Suppose that \(\partial _{{\mathbb {R}}}f(x)\) is a bounded polyhedron for an integrally convex function \(f: \mathbb {Z}^{n} \rightarrow \mathbb {Z} \cup \{ +\infty \}\) and \(x \in \mathrm{dom\,}f\). The expression (4.12) shows that there exists an integral vertex of \(\partial _{{\mathbb {R}}}f(x)\). Indeed we can choose the (finite) upper bound in (4.12) for each \(p_i\).
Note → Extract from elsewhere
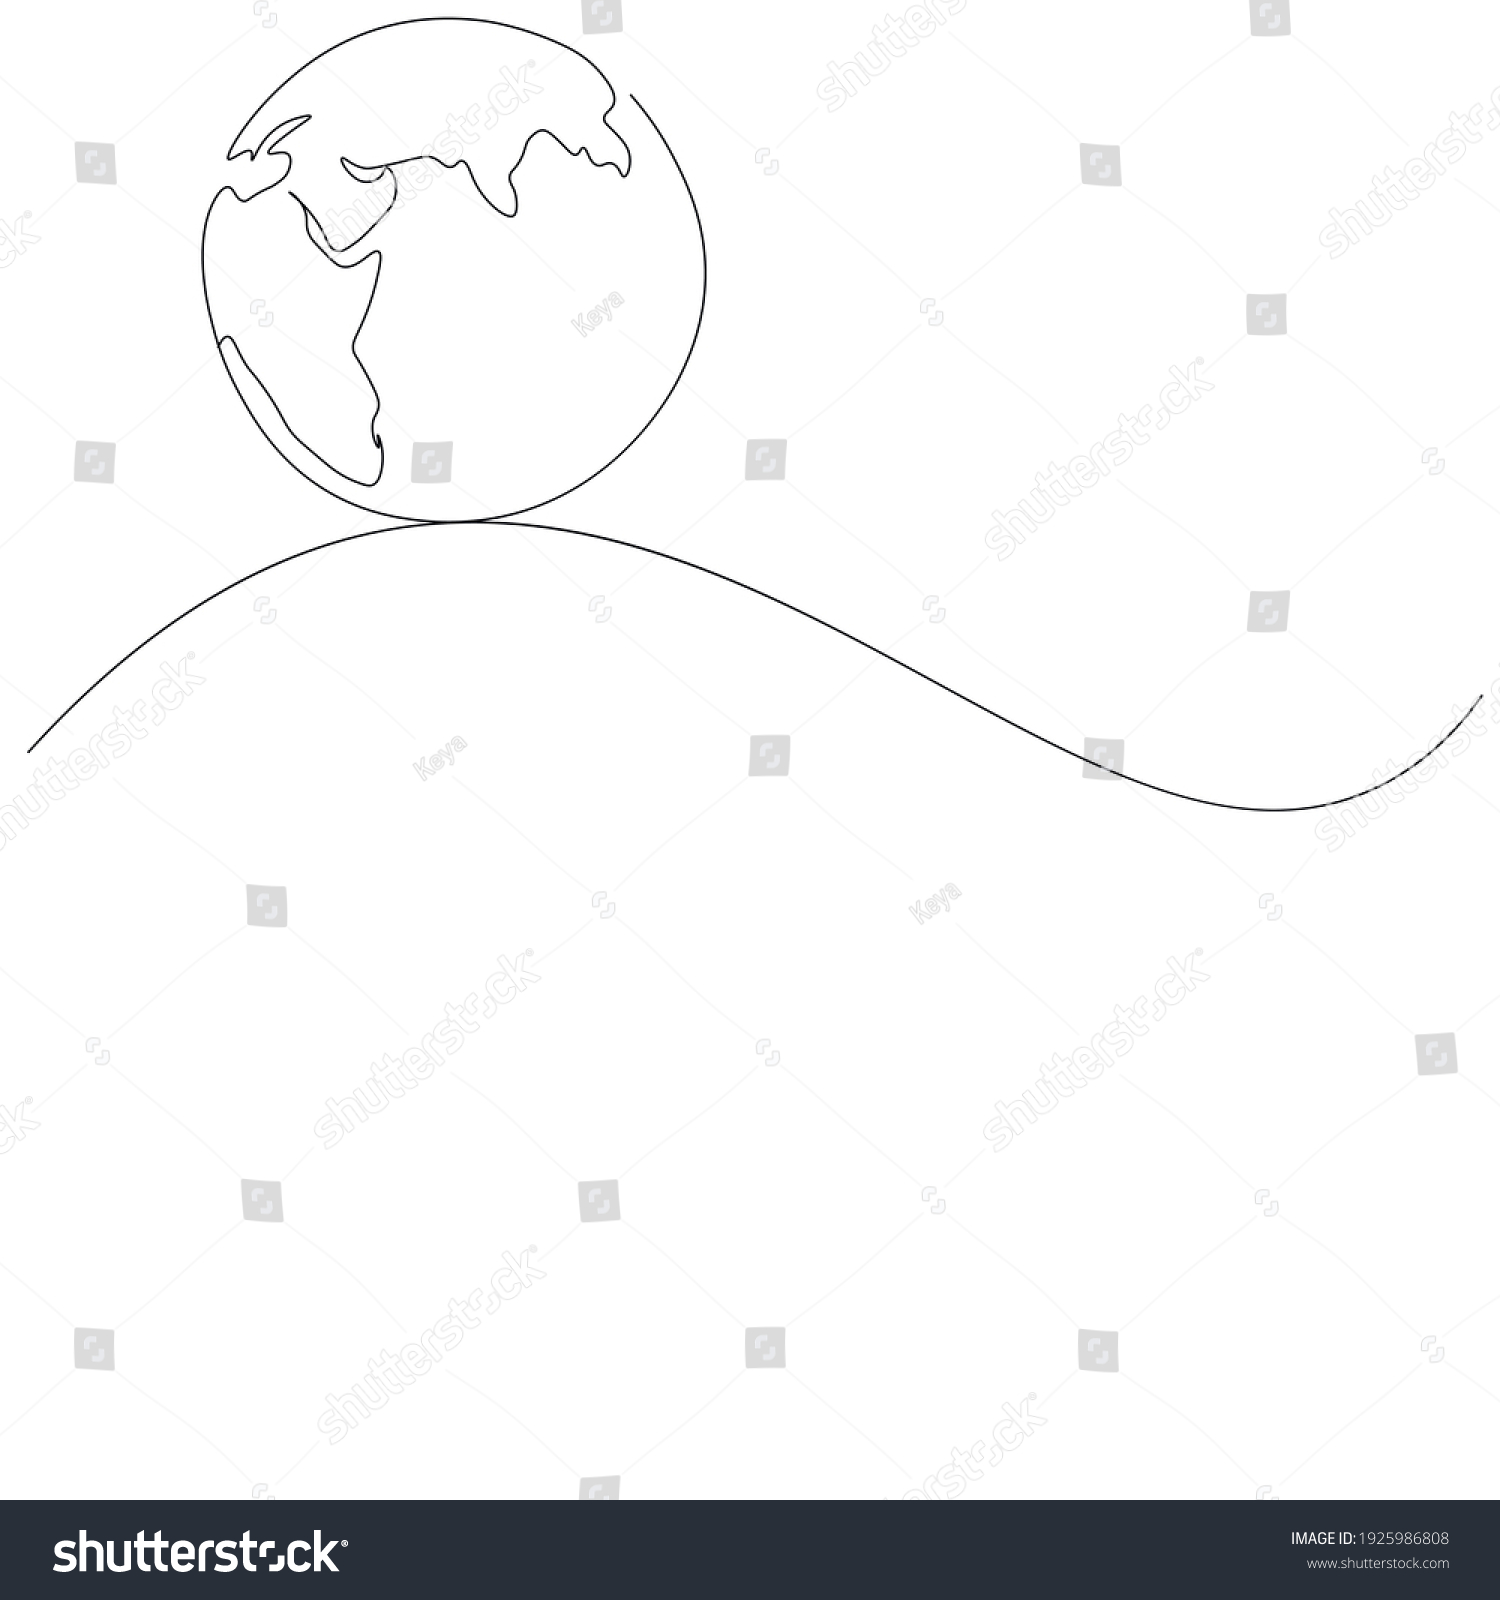 World Globe Line Drawing Vector Illustration Stock Vector Royalty Free
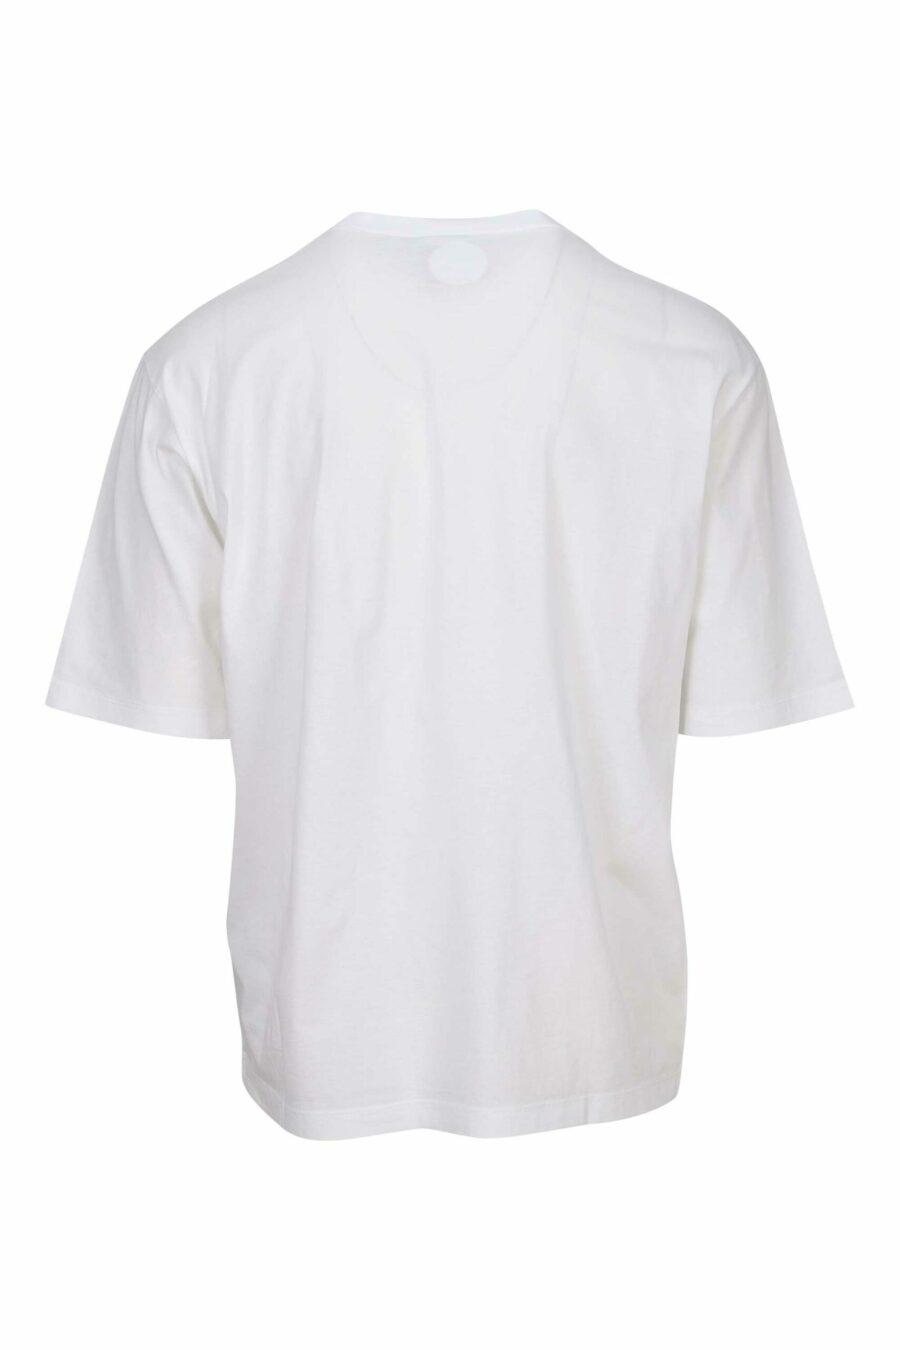 Camiseta blanca "oversize" con logo tarjeta de crédito bajo - 8054148265540 1 scaled

It is emphasized, however, that not every vertex is an integral vector. \(\square \)

5 Concluding remarks

The established biconjugacy implies that there is a one-to-one correspondence between the class \(\mathcal {F}_\mathrm{IC}\) of integer-valued integrally convex functions and the class of their integral conjugates \(\mathcal {F}^{\bullet }_\mathrm{IC} = \{ f^{\bullet } \mid f \in \mathcal {F}_\mathrm{IC} \}\). By the conjugacy theorems related to L- and M-convex functions (see [11, Fig. 8.1]), the class \(\mathcal {F}^{\bullet }_\mathrm{IC}\) also contains separable convex, L-convex, \(\mathrm{L}^{\natural }\)-convex, M-convex, \(\mathrm{M}^{\natural }\)-convex, \(\mathrm{L}^{\natural }_{2}\)-convex, and \(\mathrm{M}^{\natural }_{2}\)-convex functions. A direct characterization of \(\mathcal {F}^{\bullet }_\mathrm{IC}\) is an interesting question and is left for the future. It will be also interesting to characterize its subclasses \(\mathcal {F}^{\bullet }_\mathrm{BS} = \{ f^{\bullet } \mid f\text{: } \text{ integer-valued } \text{ BS-convex } \}\) and \(\mathcal {F}^{\bullet }_\mathrm{UJ} = \{ f^{\bullet } \mid f\text{: } \text{ integer-valued } \text{ UJ-convex } \}\).